En 1845, Henry David Thoreau décidait de quitter la ville de Concord dans le Massachusetts pour vivre dans les bois. Il commença par construire sa cabane tout près du lac Walden, à quelques kilomètres de sa ville natale. Pendant près de trois ans, l’écrivain vécut loin du monde moderne avec un confort sommaire, mangeait à sa faim grâce à la chasse, la pêche et à ce qu’il cueillait. Une vie sobre, somme toute. De nombreuses raisons sont évoquées mais dans Walden ou la Vie dans les bois, il écrit : « Je partis dans les bois parce que je voulais vivre sans me hâter. Vivre intensément et sucer toute la moelle secrète de la vie. » Nous sommes en 2019 et ces aspirations trouvent un écho tout particulier. Nombreux sont ceux qui pensent à quitter la ville pour se mettre au vert. On aimerait tous construire un feu, se nourrir de ce que l’on trouve dans la nature, se rapprocher d’un monde plus tangible. Il y a trois ans, Pierre-Edouard Robine quittait un poste à l’Environnement à la Mairie de Paris ressentant ce puissant désir de se reconnecter à la terre et retrouver sa campagne natale. Tout comme Thoreau, il décida de quitter la ville, Paris, pour vivre d’un travail concret qui le rendrait heureux. Ce n’est pas tout à fait la vie sauvage, mais c’est un début.
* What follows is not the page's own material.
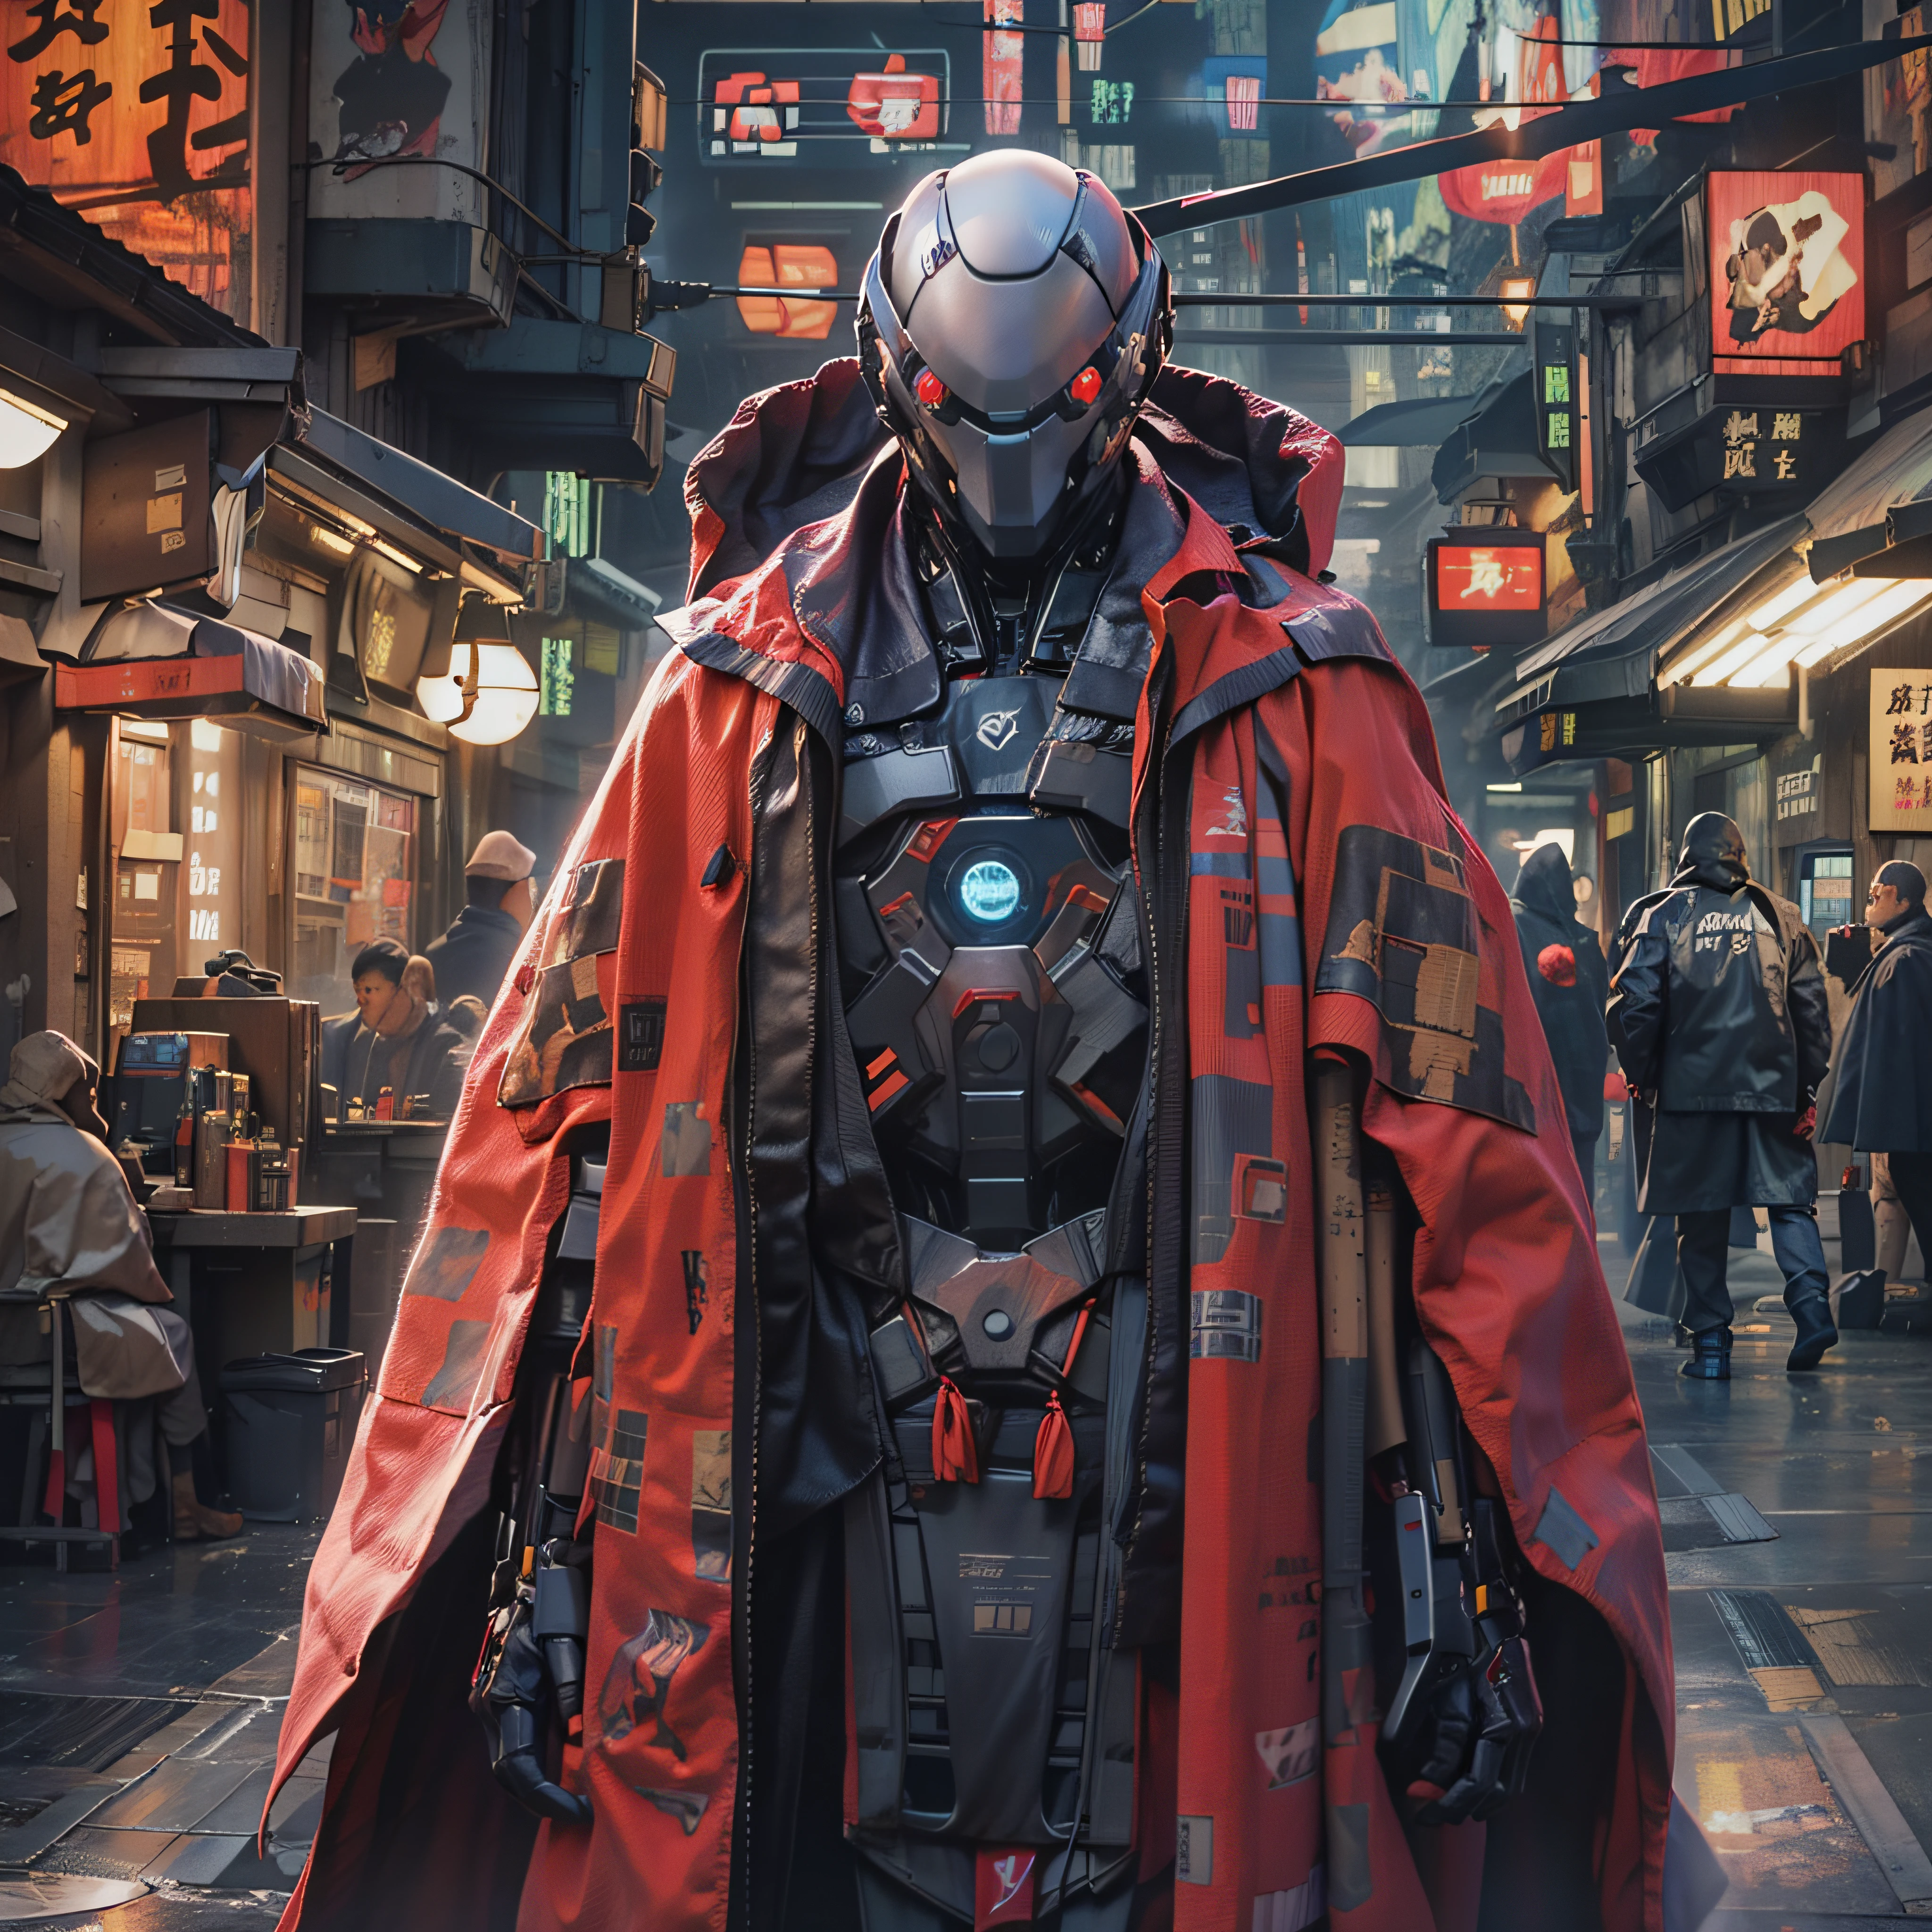 网络融合,新撰组羽织刺客机器人机器人穿着长袍斗篷,精英企业安全, 赛博朋克购物区

On disait autrefois chasseur-cueilleur mais de nos jours, la cueillette se fait un peu plus rare, sinon à la période des champignons… « Et puis tu sais je n’ai pas encore mon permis de chasse, mais j’aimerais bien le passer, on trouve du sanglier et du chevreuil dans le coin, » raconte Pierre-Edouard. « Ah oui, et des loups aussi, n’est-ce pas ? » rétorque son colocataire Gaël Avenel en se moquant gentiment. Pierre-Edouard croit avoir croisé un loup un jour, mais aussi d’autres animaux sauvages qu’on n’a pas intérêt à rencontrer au détour d’un chemin ; les sangliers ou les cerfs peuvent se montrer quelque peu hostiles lorsqu’ils se sentent menacés. Pour lui, se promener aux aurores a toujours été un plaisir : « Je suis passionné d’ornithologie et quand j’avais 15 ans je partais très tôt le matin, je faisais un feu dans une boîte de conserve et j’attendais l’arrivée des oiseaux pour les prendre en photo. »
La cueillette, ça paraît détente et bucolique mais c’est hyper crevant, je ne me promène pas dans la nature le nez en l’air comme un petit cueilleur de fleurs, mes journées n’ont rien à voir avec l’image romantique qu’on se fait du gars qui vit dans la forêt et quitte la maison avec sa serpette et son panier.
Pierre-Edouard Robine
Dans l’après-midi, nous prendrons la route pour cueillir quelques plantes pour la livraison parisienne à venir, Pierre-Edouard profite de ce dimanche pour flâner avec nous, en temps normal la cueillette se fait plutôt au pas de course : « La cueillette, ça paraît détente et bucolique mais c’est hyper crevant, je ne me promène pas dans la nature le nez en l’air comme un petit cueilleur de fleurs, mes journées n’ont rien à voir avec l’image romantique qu’on se fait du gars qui vit dans la forêt et quitte la maison avec sa serpette et son panier. Je me réveille à 5h15 le matin, je cueille les premières plantes sur le chemin de La Courbe, plus tard je prends de quoi me faire un casse-dalle à la boulangerie puis je cueille jusqu’à 20h. Je mets tout en barquette et je finis généralement vers minuit ou 1h. Le lendemain, je me réveille à 5h15 puis je prends le train à 6h19 et j’arrive à Montparnasse à 8h15 pour mes premières livraisons chez les chefs David Toutain ou Atsushi Tanaka. » En cuisine, un bon comparatif serait le « coup de feu », ce moment chargé d’adrénaline où les gestes se doivent d’être précis et le résultat impeccable : « Quand on me donne un coup de main, je peux devenir insupportable car ces moments me rendent très nerveux ! Ma mère m’aide à cueillir et à faire les barquettes mais je suis intraitable quand je vois une feuille avec une petite tâche jaune. Je veux que mes clients puissent prendre le produit sans avoir à trier, tout doit être parfait ! C’est vraiment parce que je ne supporte pas cette forme de stress que je me dis que je ne pourrais pas faire de la cuisine, » soupire Pierre-Edouard.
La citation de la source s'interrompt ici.